ABG Sundal Collier ASA:

Ola Nygård Telephone: +47 22 01 61 86 +47 41 21 34 10 [email protected]

Pareto Securities AS: Rolf Kristiansen +47 22 87 87 46/+47 908 56 712 [email protected]

Magnus Drageset Telephone: +47 22 01 61 41 +4748 01 61 41 [email protected]

Christian Ramm + 47 24 13 21 33/+47 917 85 107 [email protected]

Each of the Financial Advisers acts solely for the Issuer and no-one else in connection herewith. No due diligence investigations have been carried out by the Financial Advisers with respect to the Issuer, and each of the Financial Advisers expressly disclaims any and all liability whatsoever in connection with the Proposal (including but not limited to the information contained herein).

5. BONDHOLDERS' MEETINGS:

Bondholders are hereby summoned to Bondholders' Meetings in each of the Bond Issues:

Time: 30 September 2022 at 13.00 hours (Oslo time), Place: The premises of Nordic Trustee AS, Kronprinsesse Märthas Plass 1, 0161 Oslo - 7th floor

Agenda:

    1. Approval of the summons.
    1. Approval of the agenda.
    1. Election of two persons to co-sign the minutes together with the chairman.
    1. Request for adoption of proposal:

It is proposed that each Bondholders' Meeting resolves the following:

"The Proposal (as defined in section 2 of the summons to the Bondholders' Meetings in each Bond Issue) is approved by the Bondholders' Meeting.

The Bond Trustee is authorised to enter into the necessary amendment agreements in the relevant Bond Issue in connection with decisions made by the Bondholders' Meeting as well as to take any other action as may be required in relation thereto."

To approve the above resolution in each Bond Issue, Bondholders representing at least 2/3 of the Voting Bonds in each Bond Issue represented in person or by proxy at the relevant Bondholders' Meeting must vote in favour of the resolution. In order to form a quorum, at least 5/10 of the Voting Bonds in each Bond Issue must be represented at the relevant Bondholders' Meeting.

Please find attached a Bondholder's Form from the Securities Depository (VPS), indicating your bondholding at the printing date. The Bondholder's Form will serve as proof of ownership of the Bonds and of the voting rights at the bondholders' meeting. (If the bonds are held in custody - i.e. the owner is not registered directly in the VPS - the custodian must confirm; (i) the owner of the bonds, (ii) the aggregate nominal amount of the bonds and (iii) the account number in VPS on which the bonds are registered.)

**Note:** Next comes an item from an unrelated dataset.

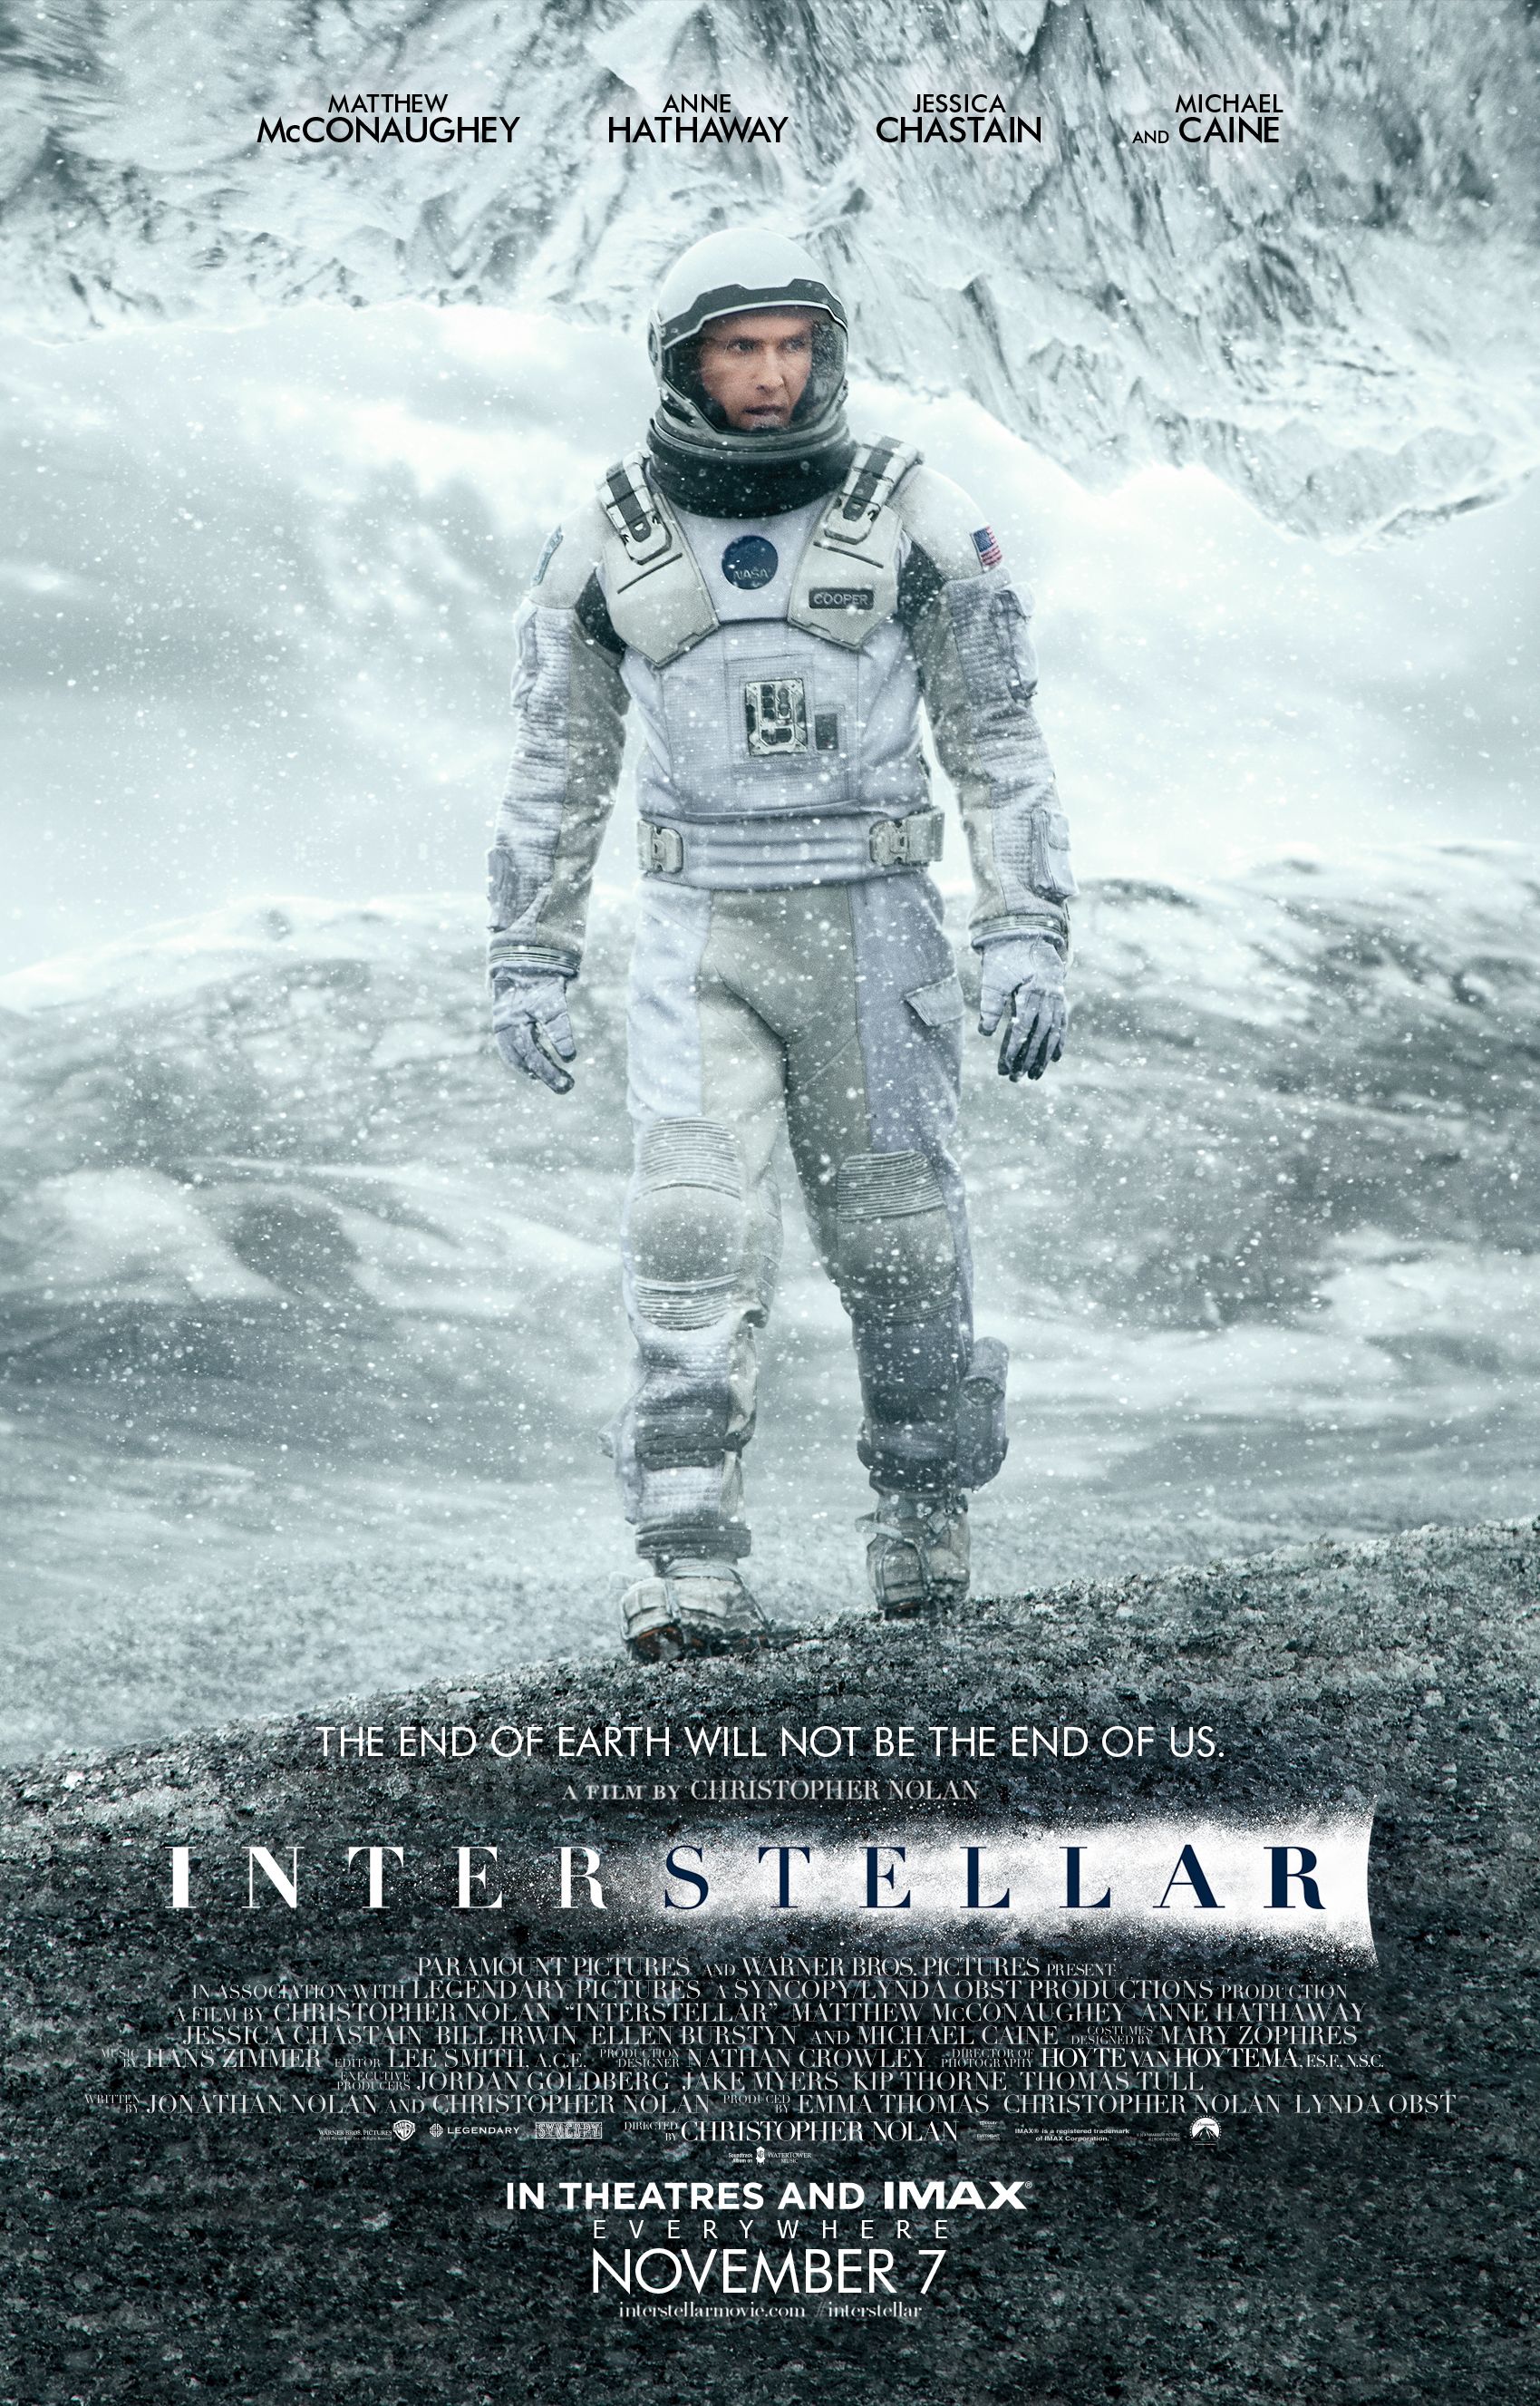 Interstellar and Into the Woods Get New Posters [Updated]

The individual bondholder may authorise Nordic Trustee AS to vote on its behalf, in which case the Bondholder's Form also serves as a proxy. A duly signed Bondholder's Form, authorising Nordic Trustee AS to vote, must then be returned to the Bond Trustee in due time before the meeting is scheduled (by scanned e-mail or post – please see the first page of this letter for further details).

At the Bondholders' Meeting votes may be cast based on Bonds in the relevant Bond Issue held at close of business on the day prior to the date of the Bondholders' Meeting. In the event that Bonds have been transferred to a new owner after the Bondholder's Form was made, the new Bondholder must bring to the Bondholders' Meeting or enclose with the proxy, as the case may be, evidence which the Bond Trustee accepts as sufficient proof of the ownership of the Bonds.

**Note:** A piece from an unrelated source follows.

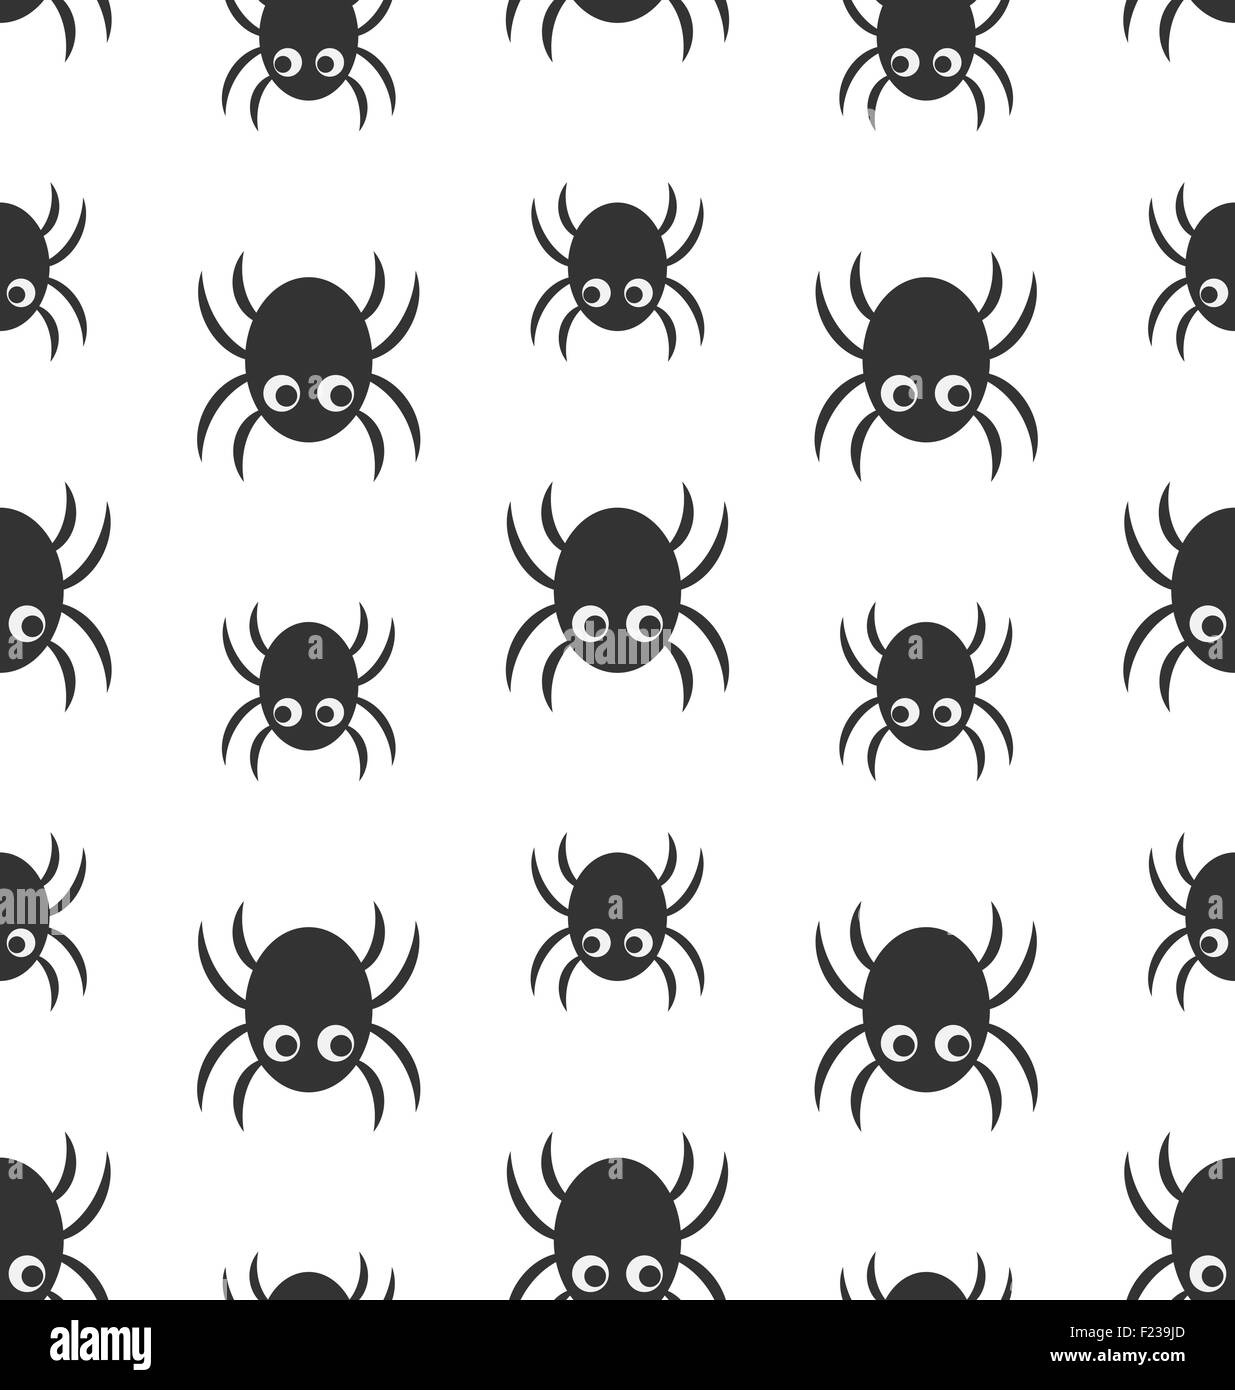 Spider Silhouette on white background Stock Vector

For practical purposes, we request those who intend to attend the Bondholders' Meeting, either in person or by proxy other than to Nordic Trustee AS, to notify the Bond Trustee by telephone or by e-mail ([email protected]) within 16:00 hours (4 pm) (Oslo time) the Business Day before the relevant meeting takes place. Please note that those who intend to register their proxies electronically with VPS must do so within 20:00 hours (8 pm) (Oslo time) the Business Day before the meeting takes place.